Global wheat production

Wheat currently provides 20% of dietary protein and caloric intake for the worlds growing population. According to the United Nations, the current global population is 7.6 billion people and is projected to reach almost 10 million by 2050. To provide this growing population with proper nutrition, we need to increase the global production of important crops, including wheat.

In 2014, the International Wheat Yield Partnership was formed with the goal of enhancing global wheat production by 50% in 20 years, primarily through breeding programs that aim to increase how efficiently wheat plant’s can photosynthesize. Other strategies for increasing production include increasing crop irrigation and optimizing crop fertilization.


Wheat field. Photo courtesy of Elisabeth Hodgdon, University of Vermont

Ozone and wheat production

The negative effects of ozone on wheat production have traditionally been estimated based on dose-response relationships and the atmospheric concentration of ozone. This approach is problematic because it does not take into account the rate at which plants are taking up ozone in different environments; these rates differ considerably between dry and humid regions of the globe.

To better determine what impact ozone has on world wheat production, Gina Mills from the Centre for Ecology and Hydrology (Bangor, UK) and colleagues from across the globe recently published a study that accounted for the rate of ozone uptake by wheat in different environments and predicted the effects of ozone on wheat production.

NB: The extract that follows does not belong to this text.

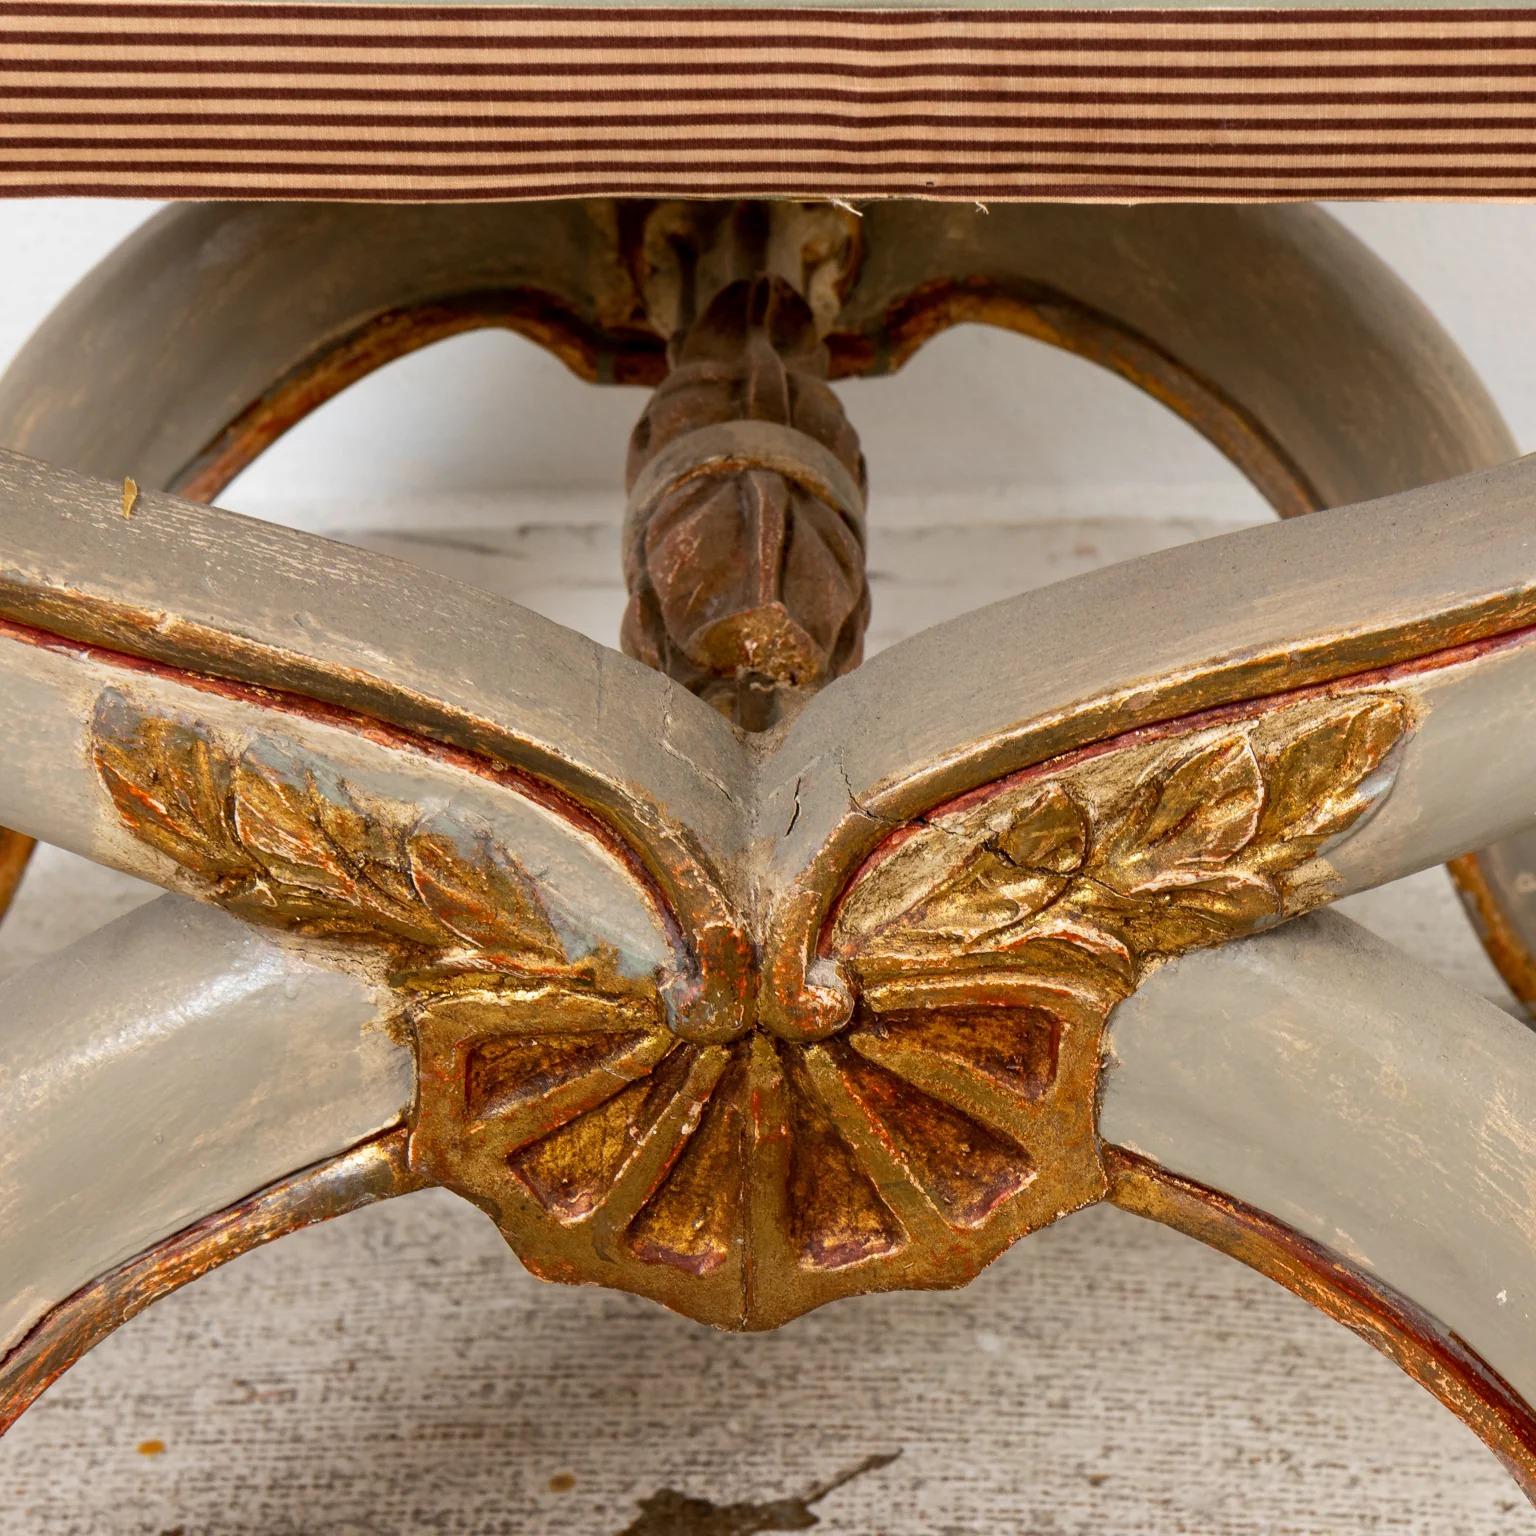 Paint and gilt decorated Italian neoclassical bench with silk upholstery and x form base. Please note of wear consistent with age.

Their model showed that from 2010-2012 ozone reduced wheat yield by an average of 9.9% in the northern hemisphere and 6.2% in the southern hemisphere, resulting in a loss of 85 million tons of wheat, which was valued at $24.4 billion dollars per year. Interestingly, developing countries had 50% higher reductions in wheat yield than developed countries. Demand for wheat in developing countries is increasing nearly twice as fast as in developed countries, making the negative effect of ozone on wheat production in these areas even more significant.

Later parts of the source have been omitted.